Childhood-onset asthma is associated with the most independent loci compared with other defined groups of asthma and allergic disease cases, according to a review published in The Journal of Allergy and Clinical Immunology. Furthermore, adult-onset asthma and moderate-to-severe asthma are linked with fewer genes, which are largely a subset of those associated with childhood-onset asthma.


Researchers focused on genome-wide association studies (GWASs) of asthma and allergic diseases published between January 1, 2018 and June 30, 2019. During this period, there were 38 GWASs reported in 19 articles, including the largest performed to date for many of these conditions.

“There is significant genetic overlap between asthma and allergic diseases, particularly with respect to childhood-onset asthma, which involves genes that reflect the importance of barrier function biology, and to HLA region genes, which are the most frequently associated genes overall in both groups of diseases,” the study authors wrote. “Although the largest GWASs in Black and Latino/Hispanic populations were reported during this period, they are still significantly underpowered compared with studies reported in populations of European ancestry, highlighting the need for larger studies, particularly in patients with childhood-onset asthma and allergic diseases, in these important populations that carry the greatest burden of disease.”

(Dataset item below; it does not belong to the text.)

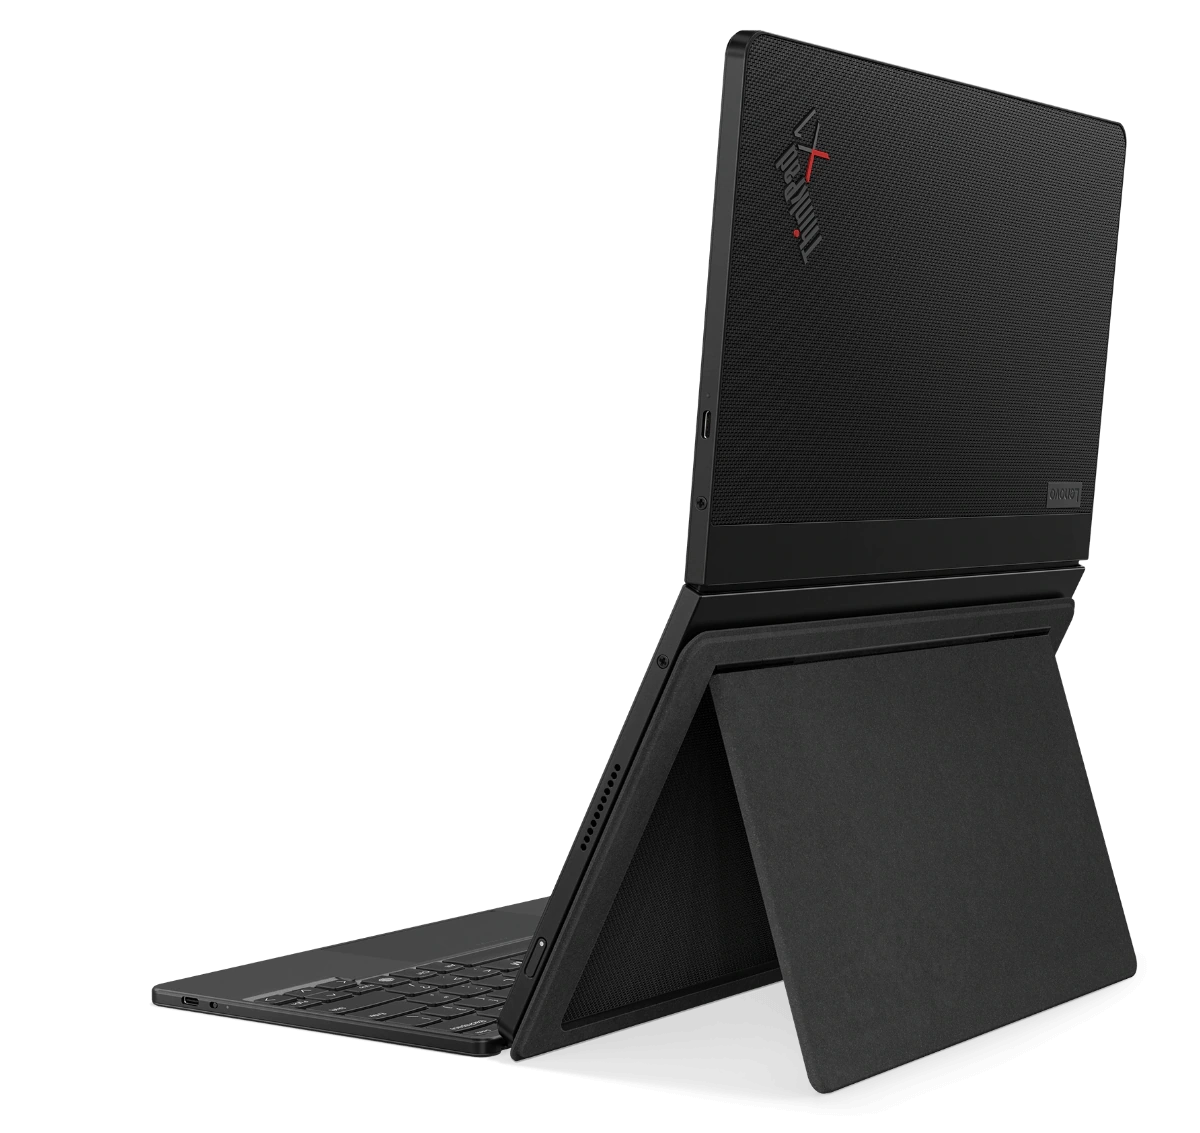 Right-rear view of the Lenovo ThinkPad X1 Fold in portrait mode showing kickstand in use, attached to optional keyboard.

Early-Onset Asthma Has Stronger Genetic Component than Adult-Onset Disease

The studies reviewed, according to researchers, both support and challenge the notion that “bigger is better.” “Clearly, the availability of very large data sets, such as the UK Biobank and large meta-analyses, have significantly advanced our knowledge of the genetic architecture of asthma and allergic diseases in European ancestry populations,” they wrote. “The data further demonstrates that early-onset asthma has a stronger genetic component and greater heritability than onset of asthma in adulthood, with more than 2.5 times the number of genome-wide significant loci associated with the former compared with the latter, despite at least double the sample sizes for the latter compared with the former.”

Similarly, the study team added, a relatively small study of asthmatic patients selected to have moderate-to-severe disease revealed more associated loci than larger studies of “asthma” in more heterogeneous populations. Finally, studies of highly specific food allergies (ie, hydrolyzed wheat protein, shrimp, peach, and peanut) in relatively small samples provided genome-wide significant associations with variants in the class II HLA region.

The researchers noted that many whole-genome sequencing studies are underway in both large cohorts and smaller but more homogenous and deeply phenotyped subjects, and the value of these studies should be revealed during the next few years. “Newer approaches, such as reverse phenotyping of subjects using genetic markers to define endotypes and integrating of multi-omics measures using machine learning and other advance computational tools, are already becoming standard,” they wrote. “Finally, there is still a need for fine-mapping studies at associated loci to pinpoint causal variants and the genes they regulate, as well as functional validation studies that link the effects of genetic risk and disease mechanisms to disease, which have been done thus far for surprisingly few asthma and allergic disease loci.”